Могила и мэр Кротов избегали друг друга, никогда не встречаясь, словно жили в параллельных мирах, и мэр надеялся, что новый главарь будет вести себя так же. Поэтому, когда дверь кабинета распахнулась и на пороге появился Саам, Кротов задохнулся от неожиданности. Из-за спины бандита выглядывала перепуганная секретарша.

– Он сам, я ничего не могла. – заплетающимся языком пыталась объяснить она, но Кротов махнул рукой.

Закрыв дверь, Саам по-хозяйски прошёл через кабинет и, придвинув стул, сел напротив мэра, закинув ногу на ногу.

– Ты с ума сошёл сюда являться?!

– Познакомиться пришёл.

После смерти Требенько и бандитских разборок, после которых на улицах стало тихо, как на кладбище, Кротов боялся за свою жизнь, не спал ночами, в страхе прислушиваясь к шорохам, а перед зеркалом ощупывал нос и щёки толстыми, как сардельки, пальцами, будто не узнавал своё лицо.

Уставившись мэру в переносицу, Саам молчал, и Кротов, с которого ручьями лился пот, стекавший по шее, словно по водостоку, начал молиться, беззвучно шевеля губами.
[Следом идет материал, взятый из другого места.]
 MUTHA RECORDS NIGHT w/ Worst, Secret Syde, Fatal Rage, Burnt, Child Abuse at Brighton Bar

– Мы же в цивилизованном мире живём, – промокая платком лоб, сказал он, не в силах молчать. – К чему эти зверские методы, убийства, слежки, разборки, если всё можно решить за столом.
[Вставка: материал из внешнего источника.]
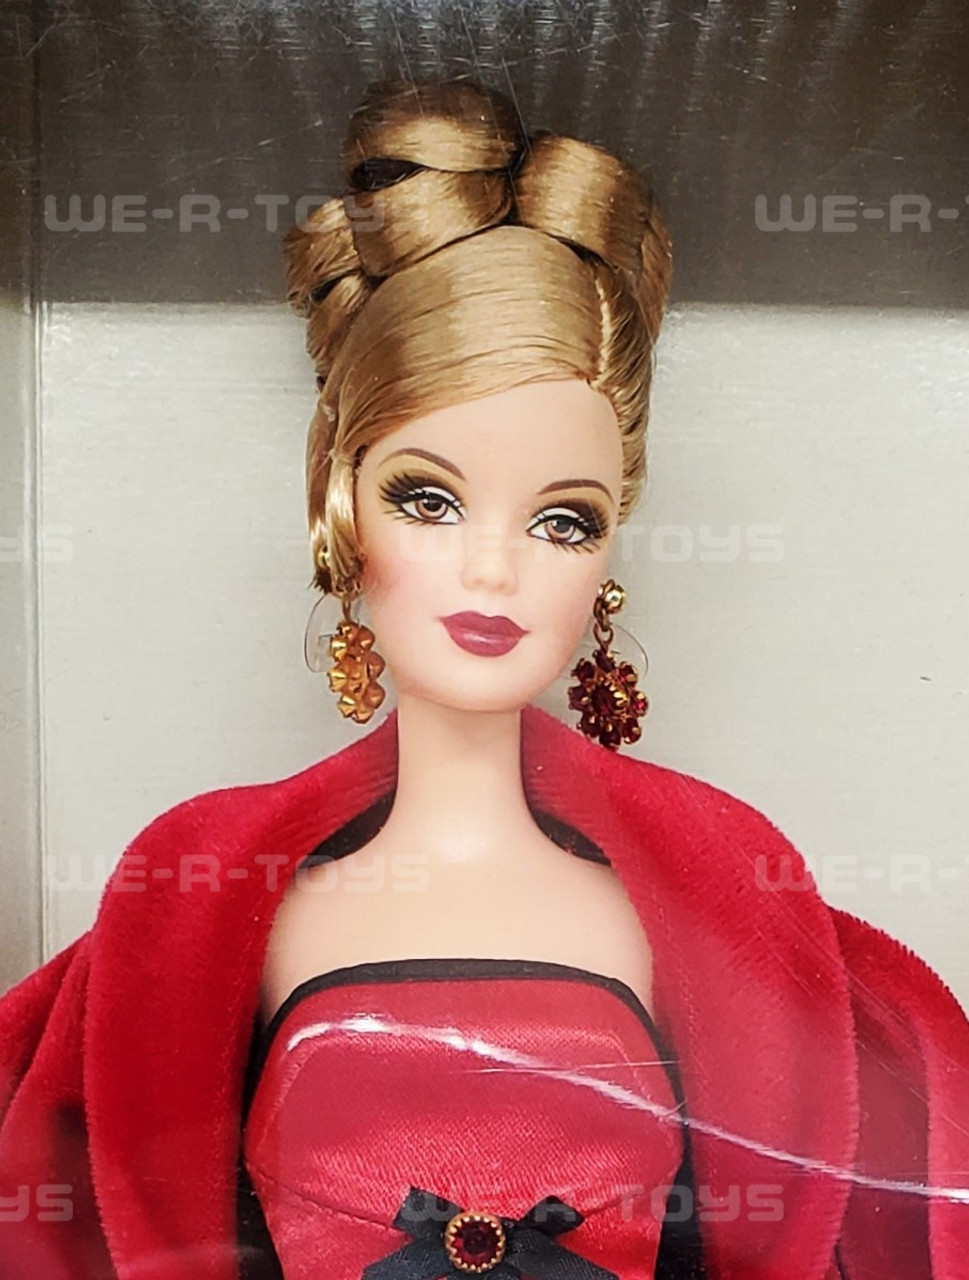 Winter Concert Barbie Doll Limited Edition 2002 Mattel No. 53374 NRFB

– За патологоанатомическим? – зло пошутил бандит, и Кротов почувствовал такую боль, будто в грудь вонзился скальпель.

– Я старый человек и не люблю перемен, – выдохнул мэр. – Пусть всё идёт, как идёт.

Бандит, усмехнувшись, медленно поднялся, направившись к выходу.

– Нас не трогают – мы не трогаем, – поигрывая желваками, обернулся он в дверях. – Останемся друзьями, и всё будет хорошо.

Когда дверь закрылась, Кротов накапал себе в рюмку валокордин и, глядя в окно на центральную площадь, пожалел, что он не один из жителей города, спешащих домой после рабочего дня.

Баня стояла на каменистом берегу озера. Тонкие сосны клонились к воде, словно разглядывали своё отражение.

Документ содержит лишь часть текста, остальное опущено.